Recently an article popped up on DigitalSignageToday.com, where several industry veterans and experts were asked to define the industry. This is not the first time this has come up, and I reckon this will continue for some time.

I personally know several of the experts mentioned in the article, and it’s easy to see why they were chosen to comment, but I think we can find better ways to spend our time than worrying about “defining” our industry.

I had a client one day ask me why we (we as an industry) call it Digital Out-of-Home. I gave him the boilerplate answer that it was a catch-all phrase to cover the industry of electronic messaging that you find outside of your home, but that there were several disciplines within it that had more direct titles. His response was that he always thought Digital Out-of-Home meant it was electronic messaging that originated from inside the home, like Digital Coming Out-from-the-inside-of-the-Home, not that it originated outside of the home.

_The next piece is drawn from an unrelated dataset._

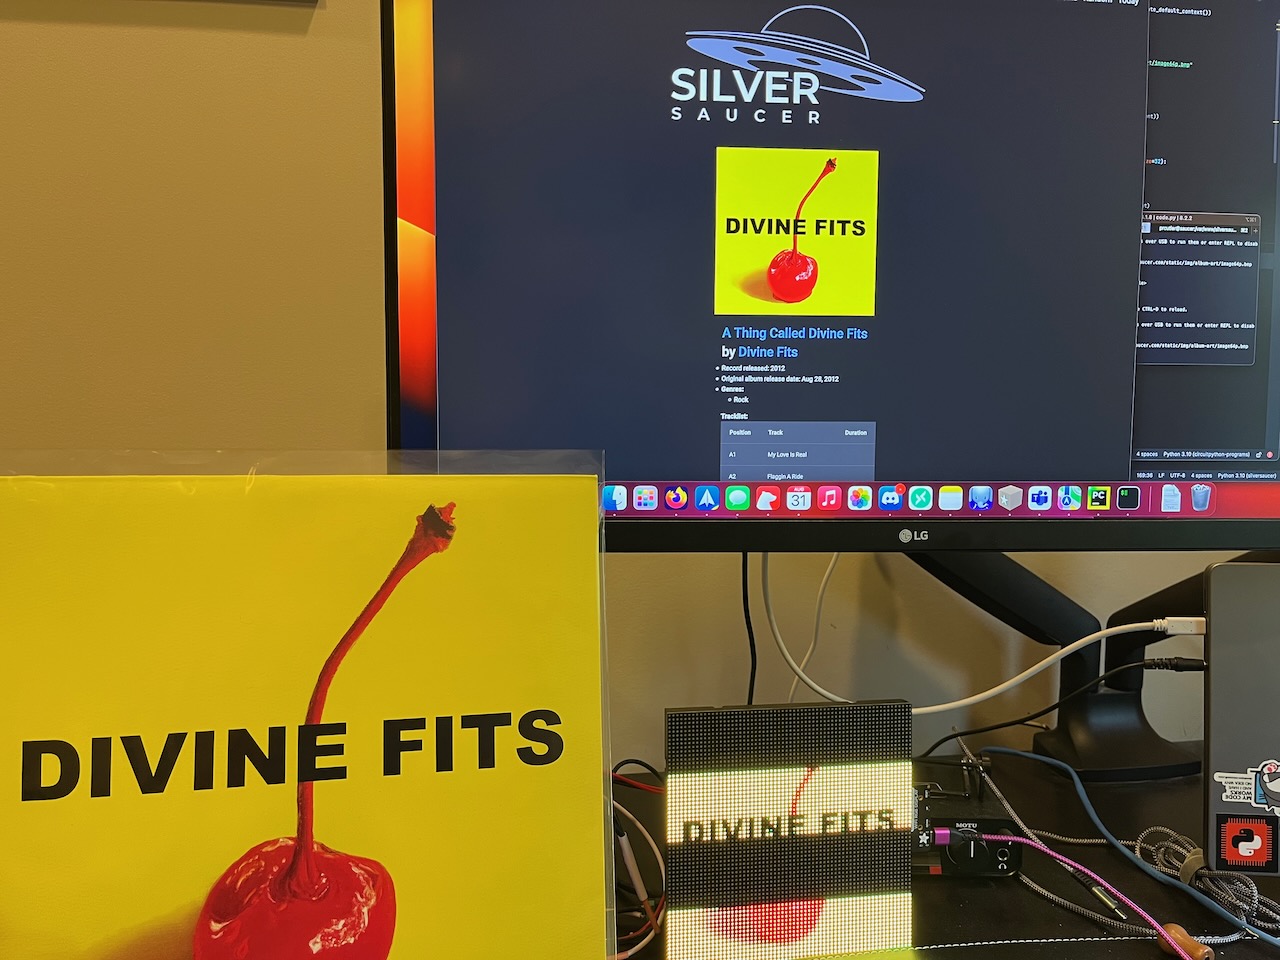 An album by Divine Fits, showing the album sleeve, the art on a computer screen and the same image on an RGB Matrix

Chip Heath, co-author of Made to Stick: Why Some Ideas Survive and Others Die, was quoted in The New York Times:

“I HAVE a DVD remote control with 52 buttons on it, and every one of them is there because some engineer along the line knew how to use that button and believed I would want to use it, too…People who design products are experts cursed by their knowledge, and they can’t imagine what it’s like to be as ignorant as the rest of us.”

Industry perception will be defined by the client, not by the expert. The only person in the room who really needs to understand is the person writing the check. And there’s a great chance that each client is different in needs and goals. If he wants to call it Digital Out-of-Home, he can. If he wants to call it digital signage, he can. If he wants to call it Little Bo Peep…well…I guess he can. What matters is whether or not he gets it. If he does, he pays us.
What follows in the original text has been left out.